TASK TO CARRY OUT:
What you return must match the listing below character for character, minus any pictures.

GIVEN INFORMATION:

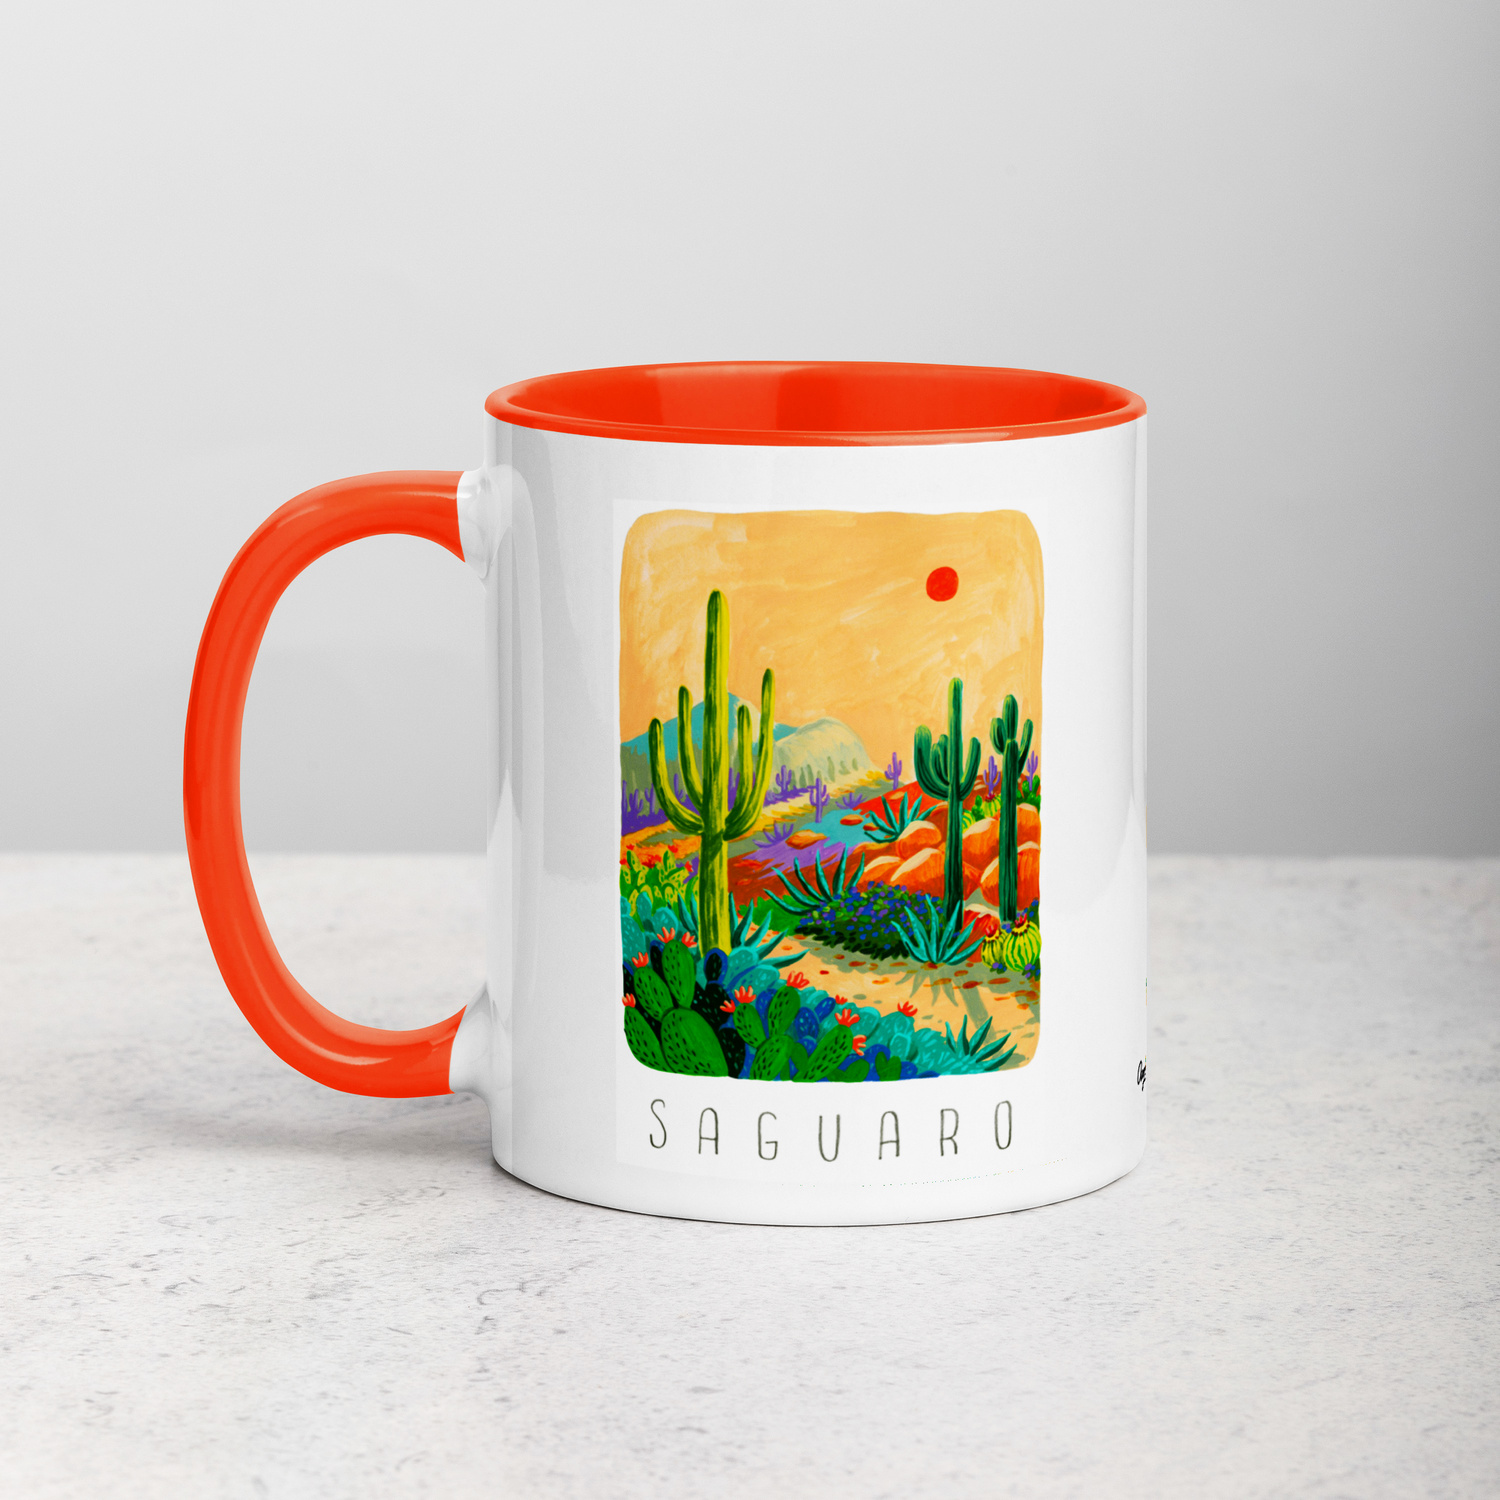 White ceramic coffee mug with orange handle and inside; has Saguaro National Park illustration by Angela Staehling
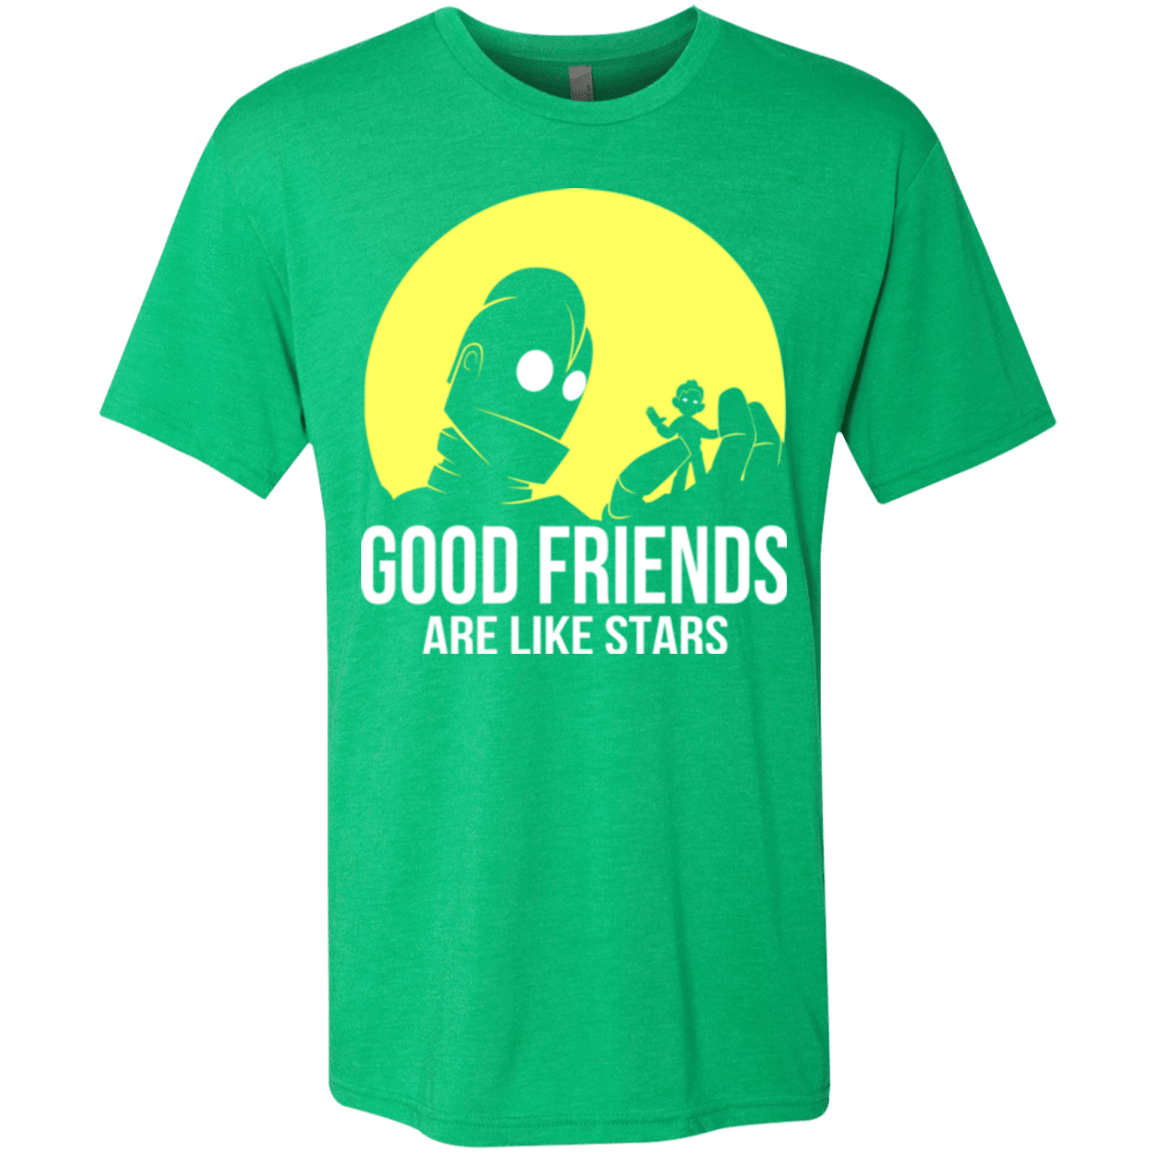 T-Shirts Envy / Small Good friends Men's Triblend T-Shirt
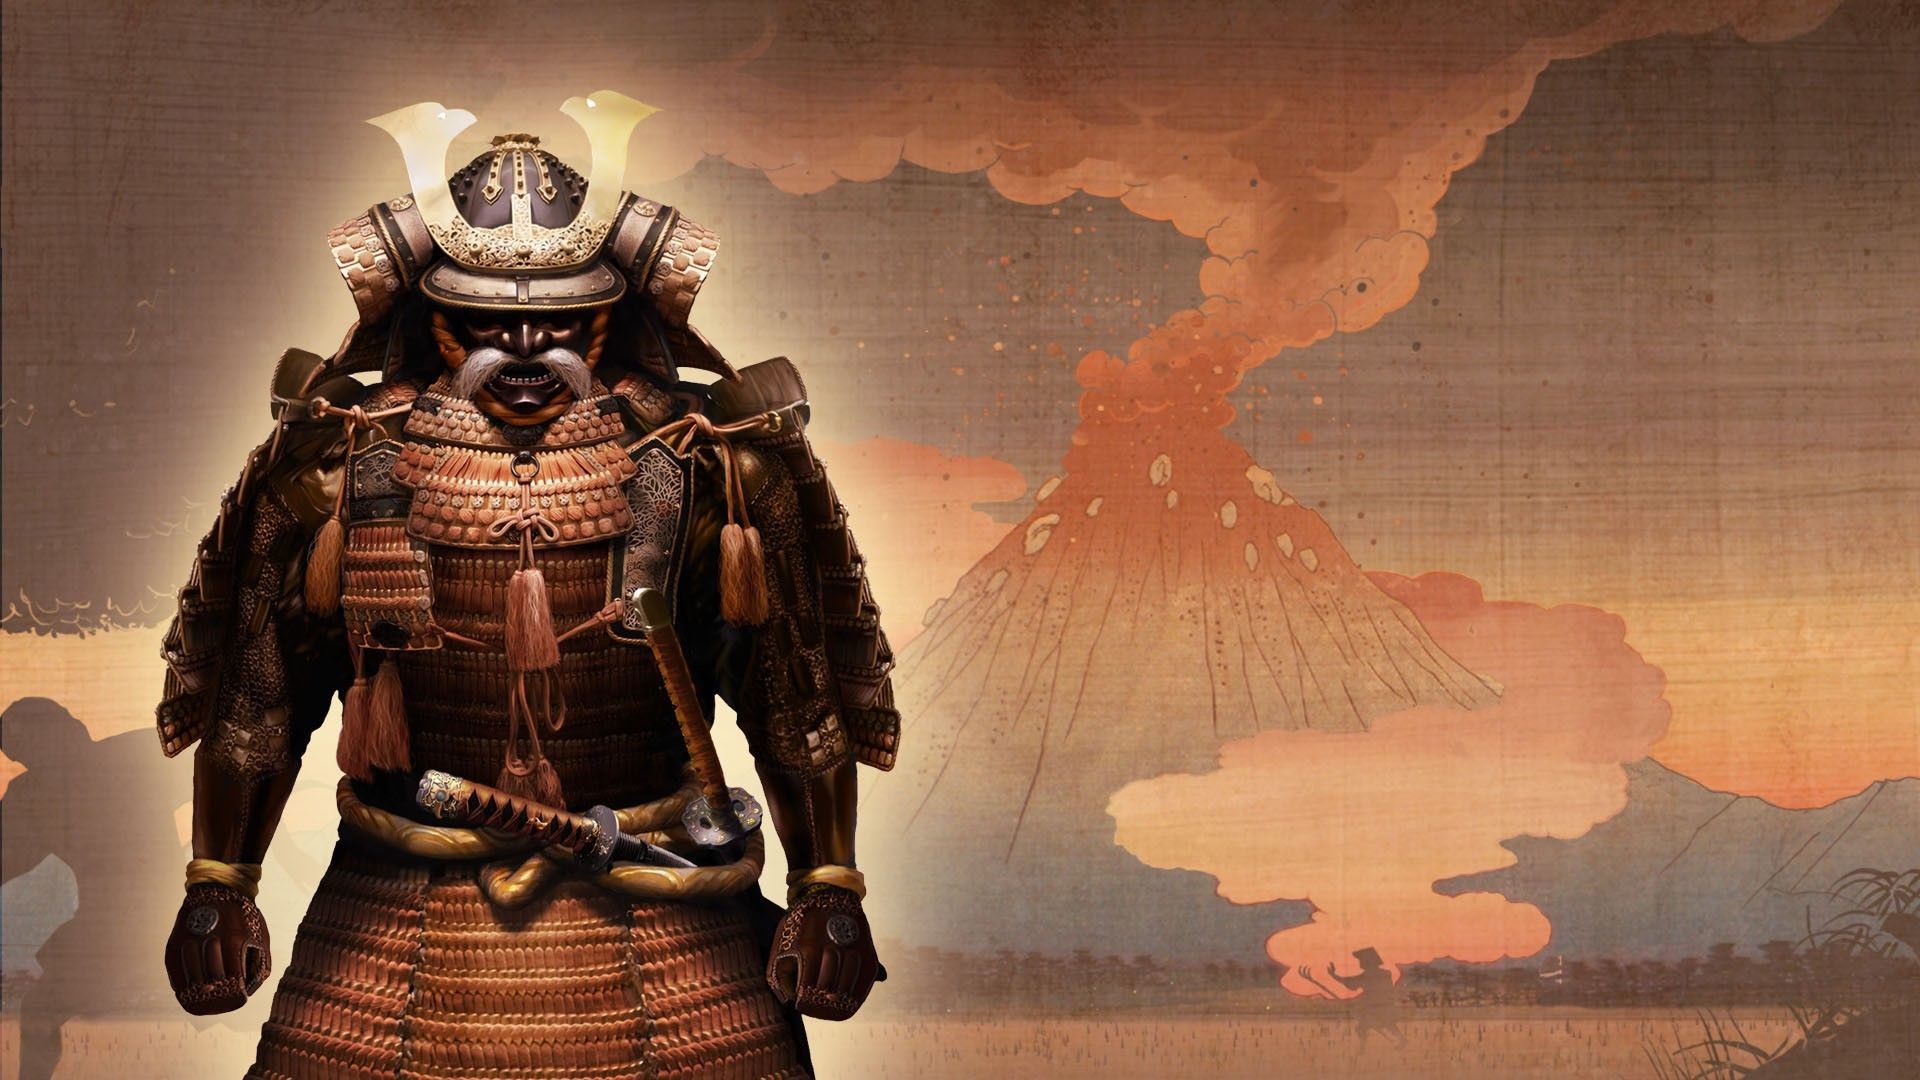 Samurai Warrior Wallpaper (best Samurai Warrior Wallpaper and image) on WallpaperChat

FINISHED TASK:
 White ceramic coffee mug with orange handle and inside; has Saguaro National Park illustration by Angela Staehling
 T-Shirts Envy / Small Good friends Men's Triblend T-Shirt
 Samurai Warrior Wallpaper (best Samurai Warrior Wallpaper and image) on WallpaperChat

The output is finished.